Mais do que inimigos. Às vésperas das conversações em Washington, multiplicam-se os sinais de paz entre os Estados Unidos e a China. O Departamento do Tesouro dos EUA removeu Pequim da lista de países acusados de manipulação monetária. A reação foi imediata: o cruzamento dólar-yuan caiu pelo quarto dia consecutivo para 6,87, a menor desde julho. O rali é favorecido pela melhora nas contas comerciais chinesas: em dezembro as exportações cresceram 7,6%. Os mercados apreciam o novo rumo.

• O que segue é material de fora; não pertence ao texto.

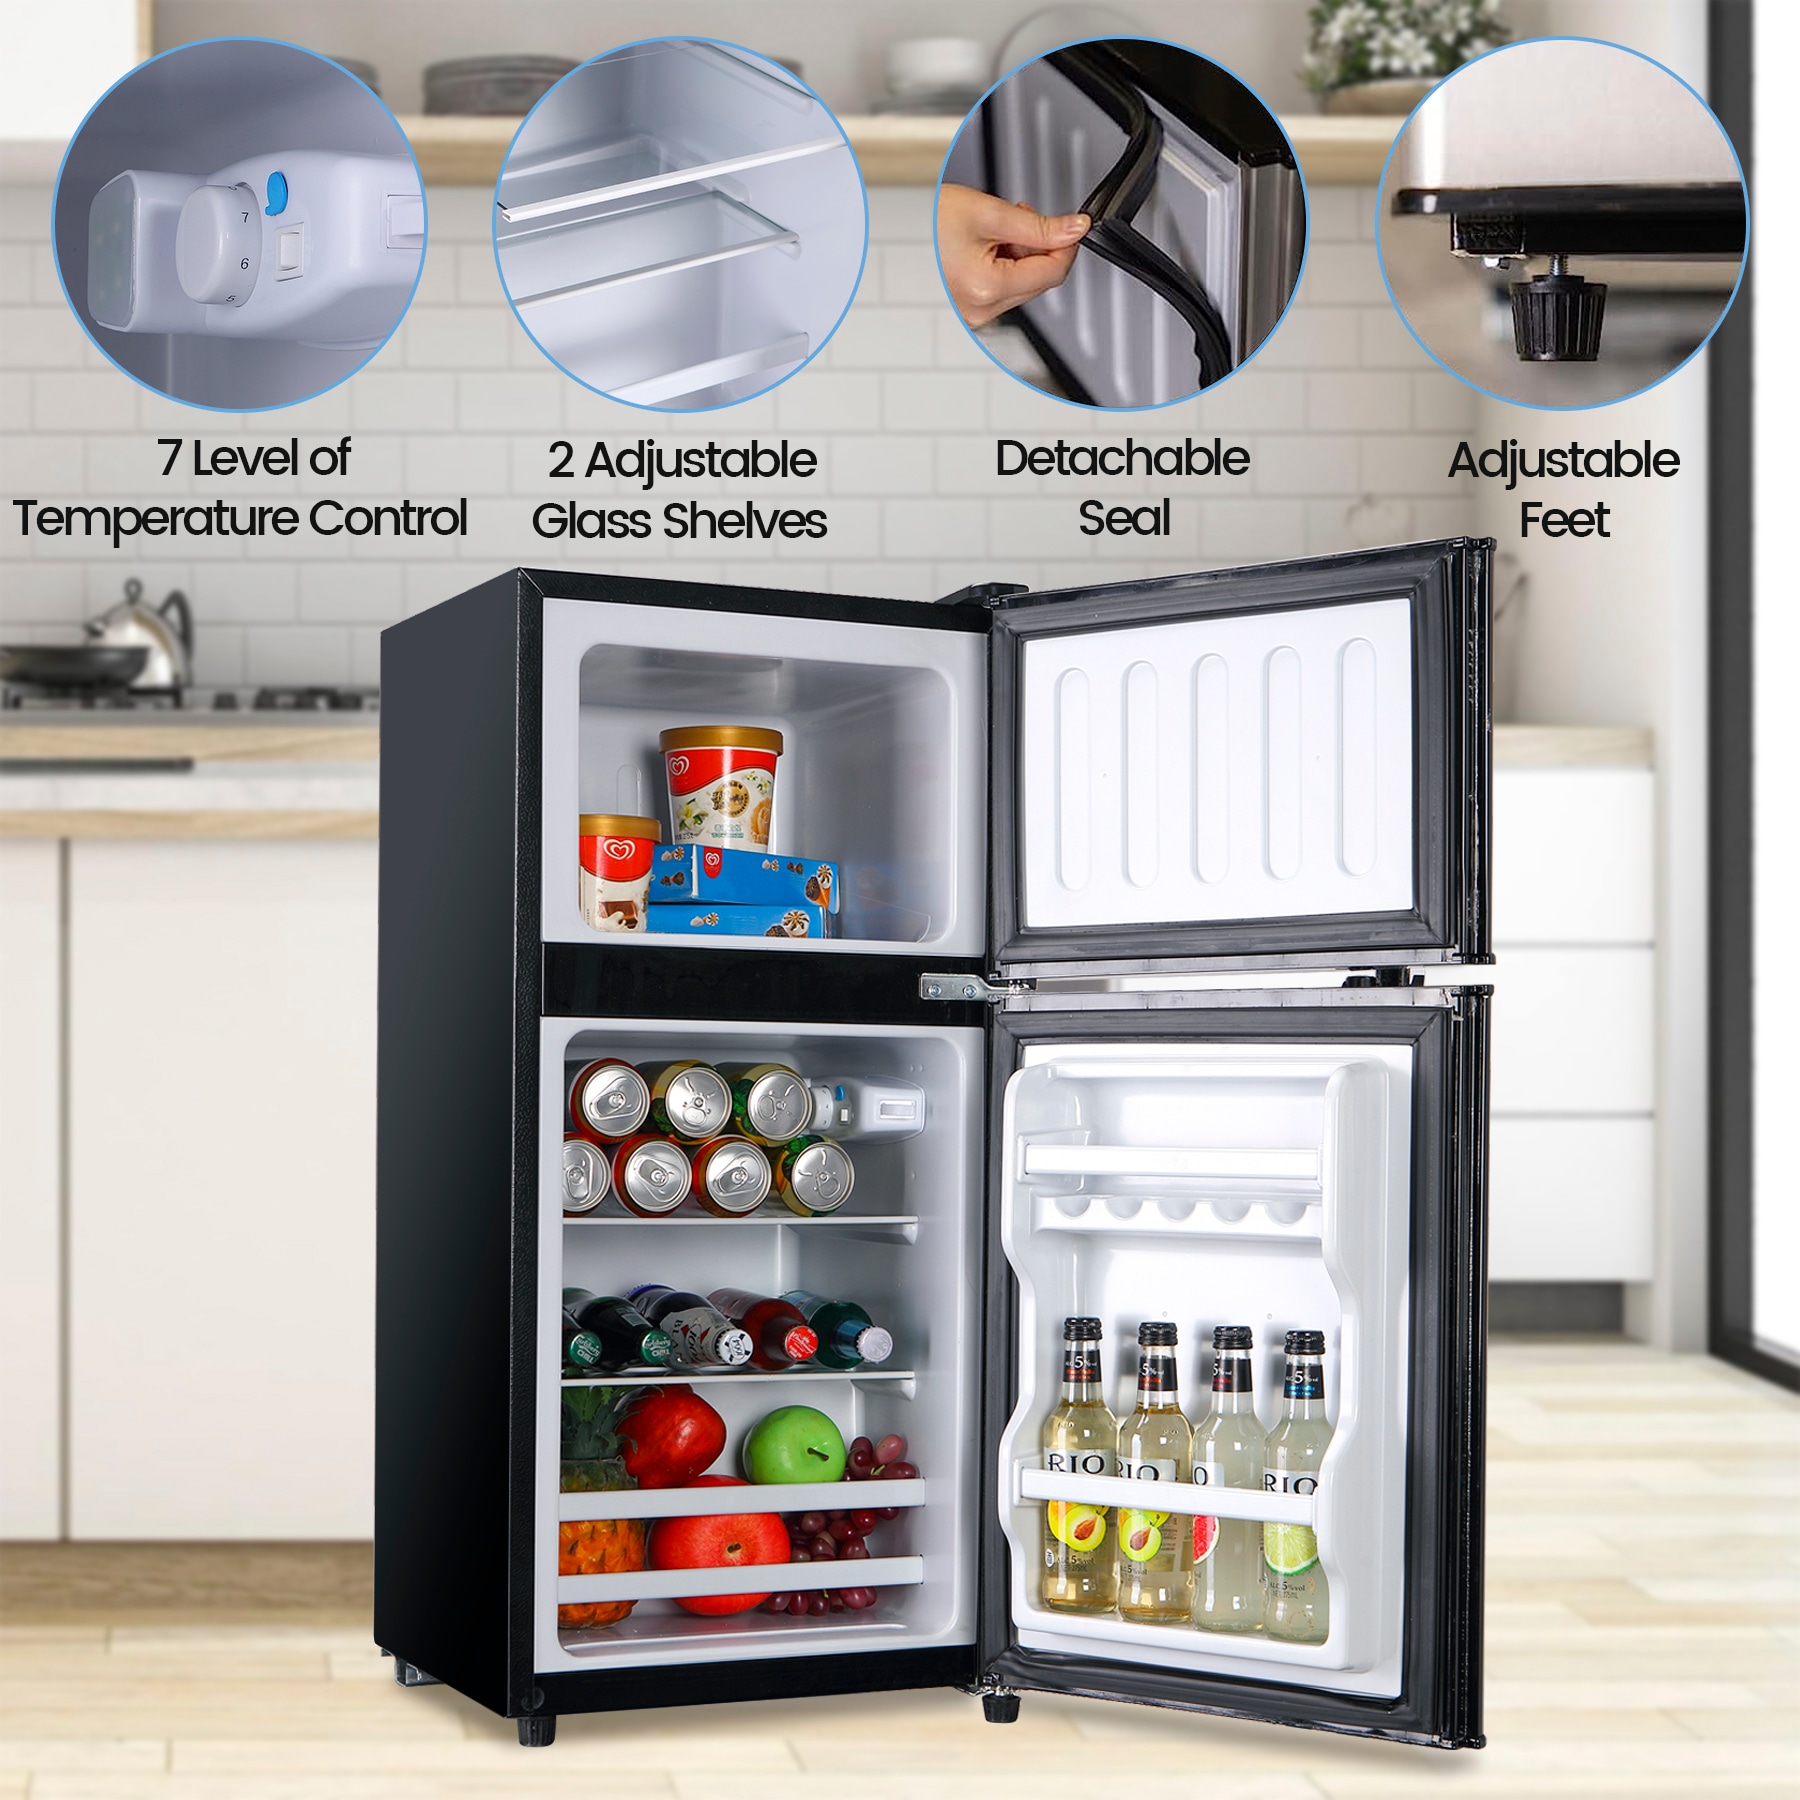  Fcicarn 3.5 Cu. Ft. Compact Refrigerator, Featuring a Separate  Freezer Compartment, Lock, 7-Level Thermostat and Vintage-Inspired Styling  for Small Kitchens, Home Offices or Dorm Rooms, Black : Appliances
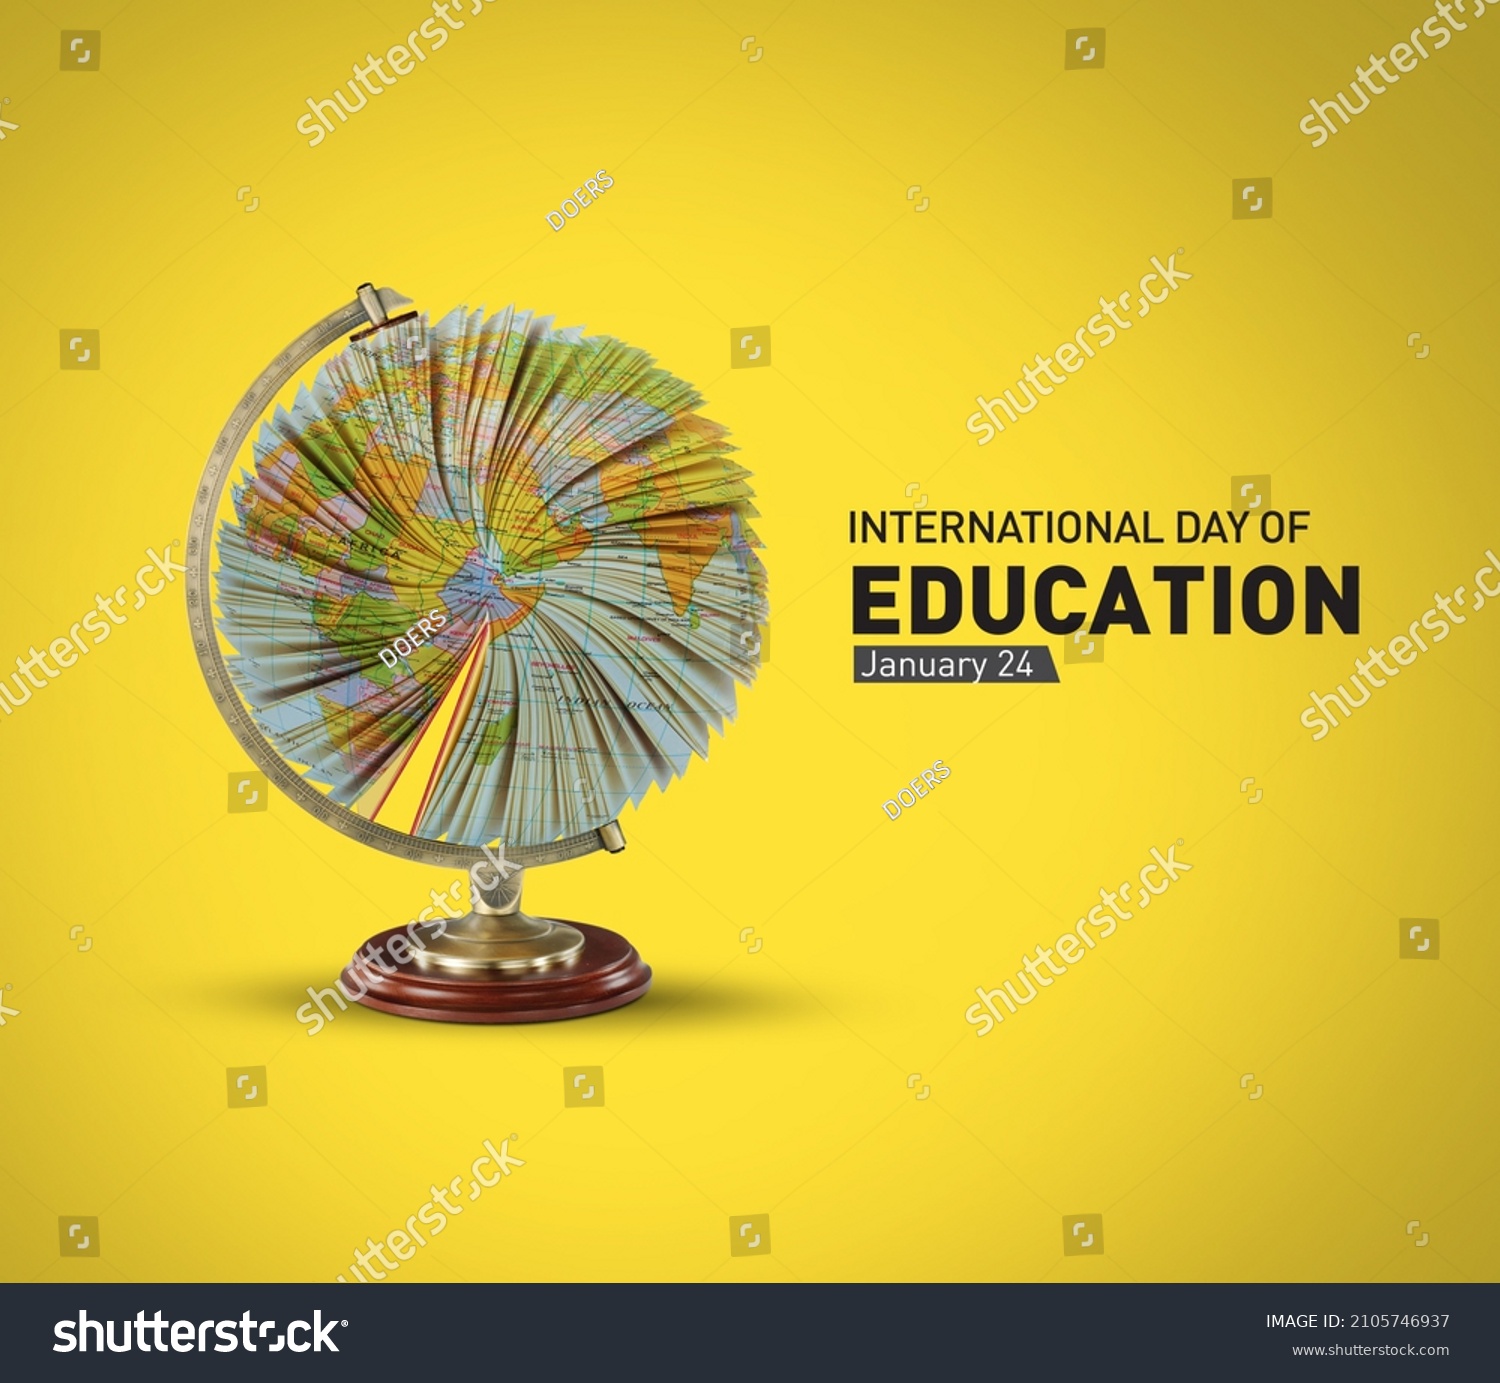 International Day of Education concept Illustration. World or earth globe isolated on book pages in round shape.  #2105746937

GOOGLE PERTO DOS MIL BILHÕES, HOJE AS CONTAS DOS BANCOS
A Apple (+2,14%, a um passo de um novo recorde absoluto) lidera a corrida pela tecnologia made in USA. A Alphabet, empresa controladora do Google, está perto de um trilhão de capitalização (993 bilhões de dólares).
Wall Street aguarda com expectativa as contas de JP Morgan, Citigroup e Wells Fargo, que abrirão a campanha trimestral hoje.
Assim continua a marcha dos índices: o Dow Jones (+0,29%) é o mais fraco; S&P 500 +0,7% para 3.288 pontos e Nasdaq +1,04% para 9.274 pontos estabeleceram novos recordes.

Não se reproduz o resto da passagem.